Your goal: Reproduce the listing that follows word for word, without its pictures.

Collected material:
◆ ◆ ◆

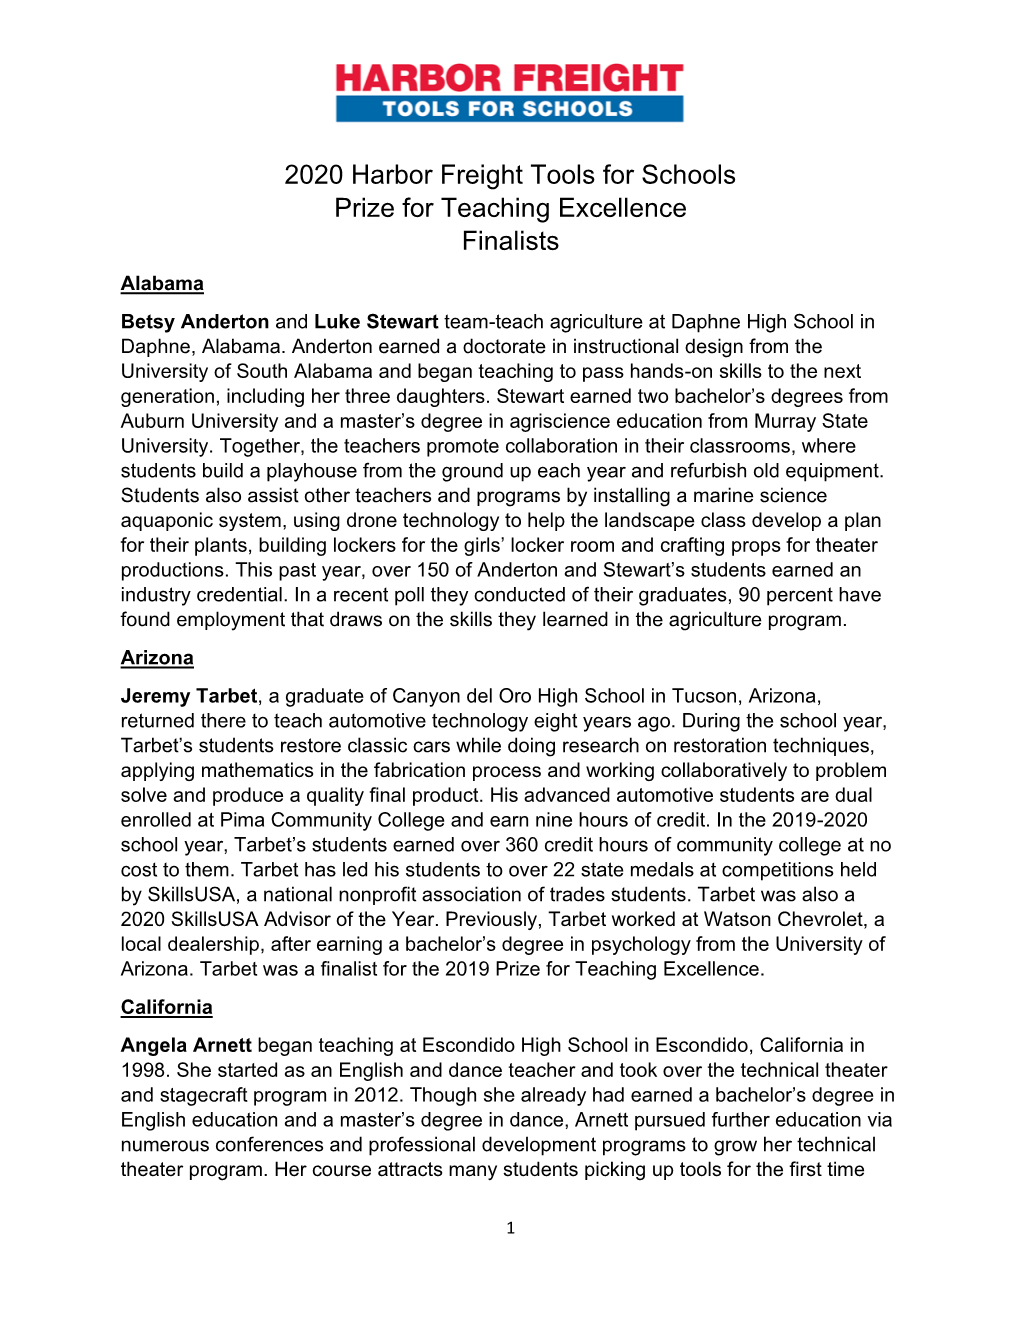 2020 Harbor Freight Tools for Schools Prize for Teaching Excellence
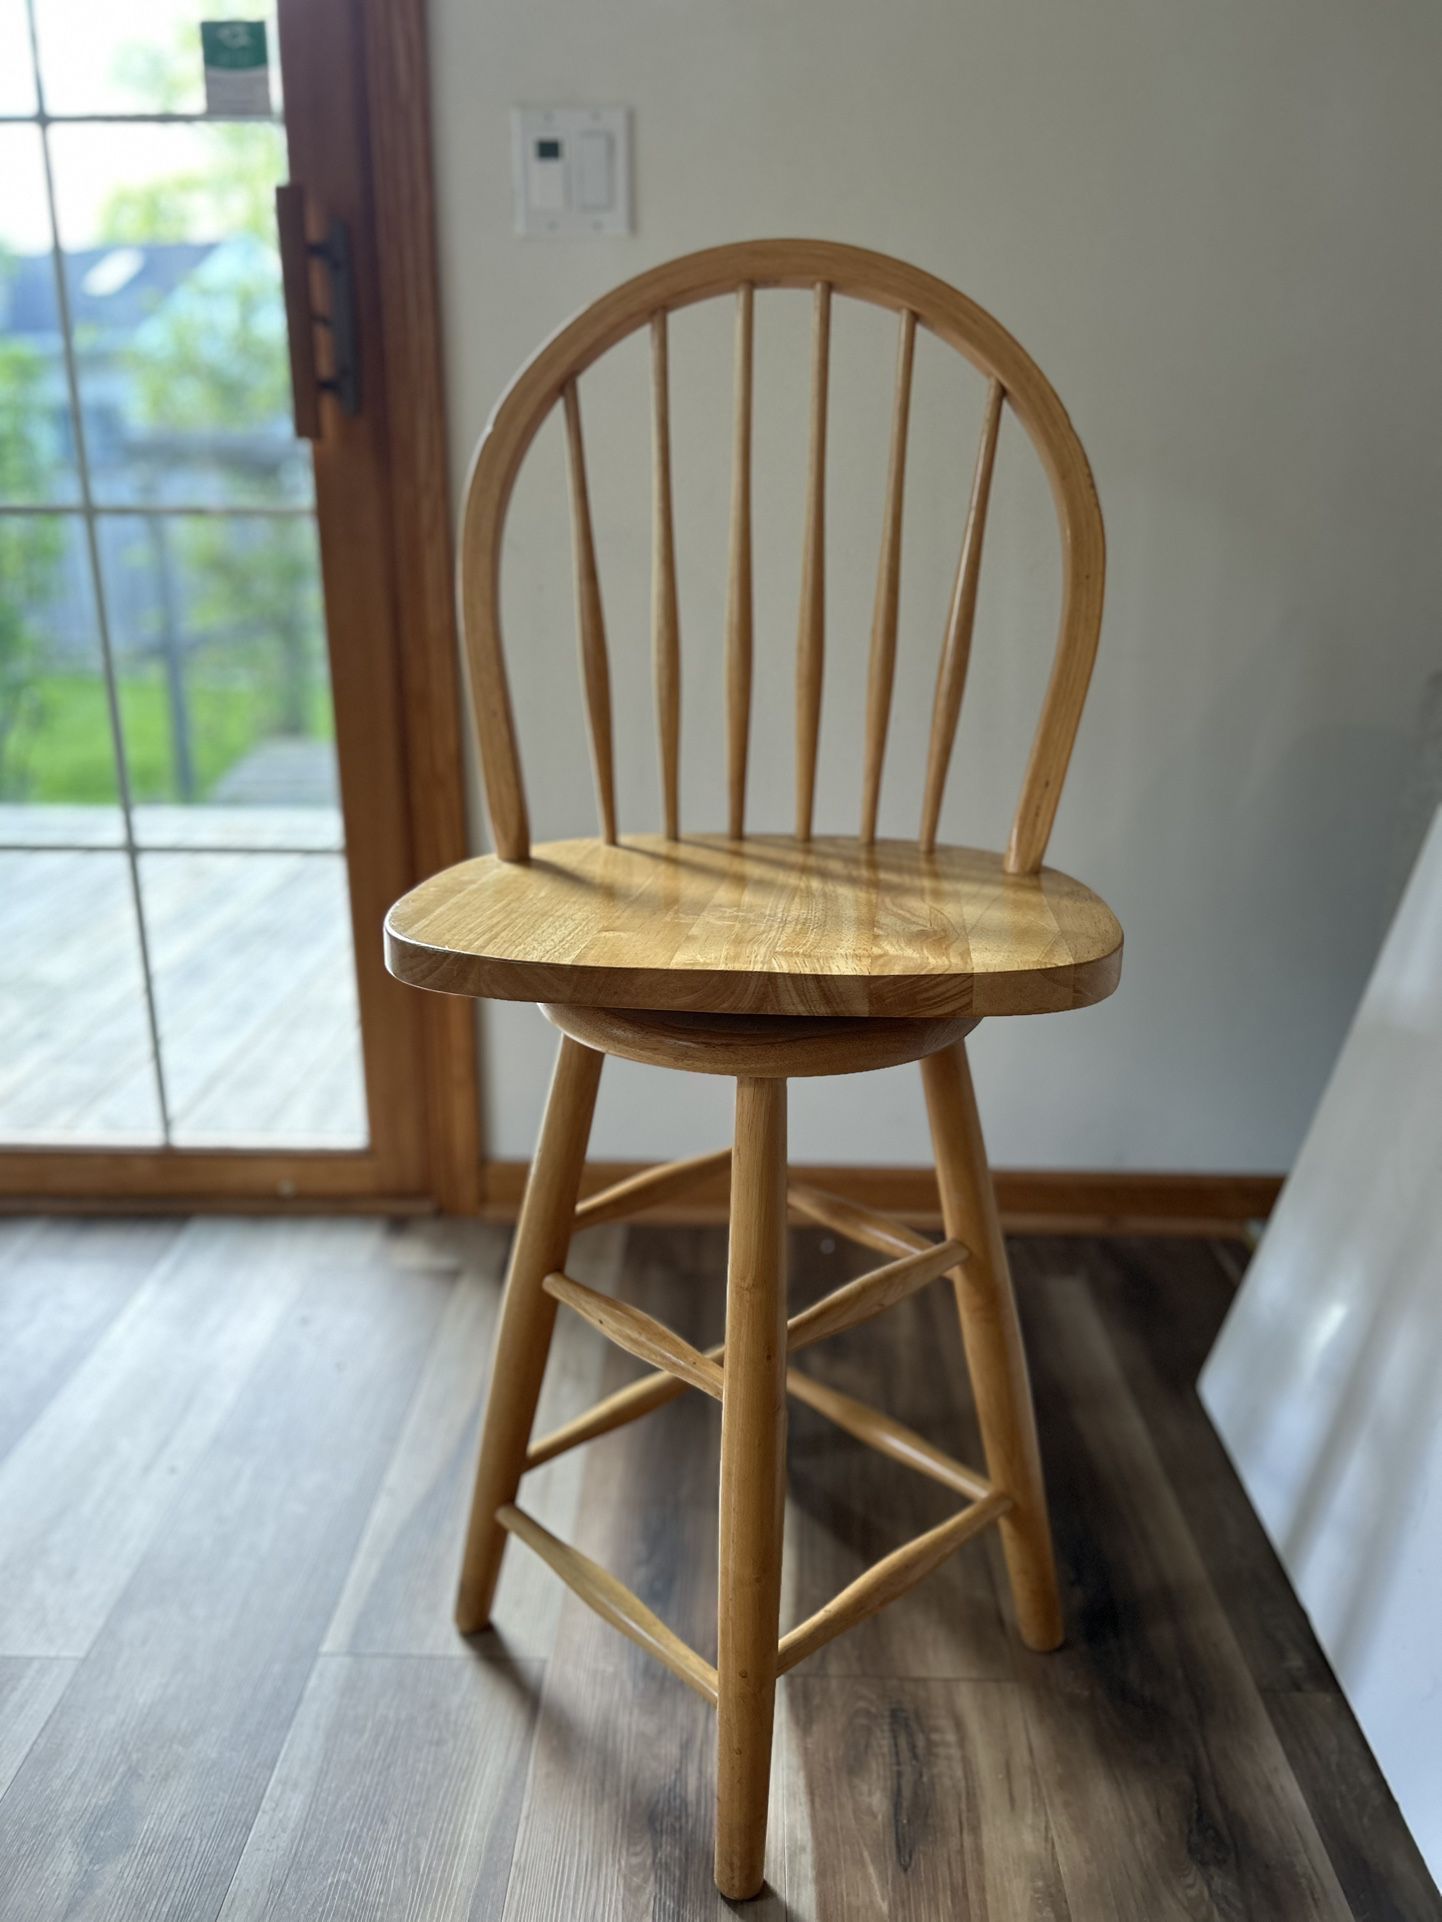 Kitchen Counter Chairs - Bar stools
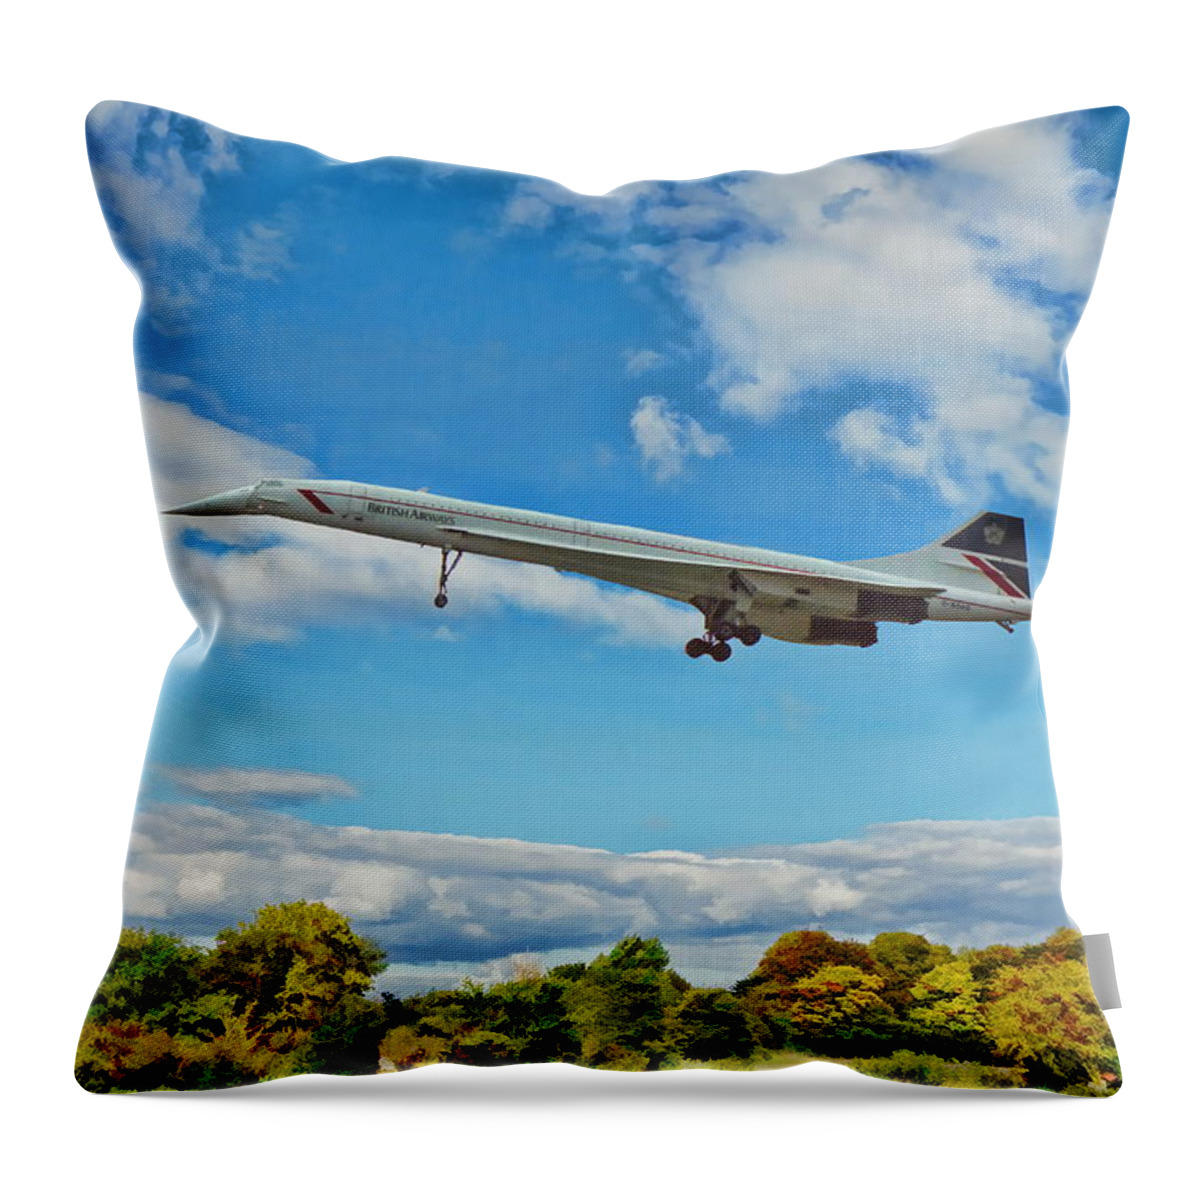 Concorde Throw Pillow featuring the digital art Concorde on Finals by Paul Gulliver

◆ ◆ ◆

Exercise result:
 2020 Harbor Freight Tools for Schools Prize for Teaching Excellence
 Kitchen Counter Chairs - Bar stools
 Concorde Throw Pillow featuring the digital art Concorde on Finals by Paul Gulliver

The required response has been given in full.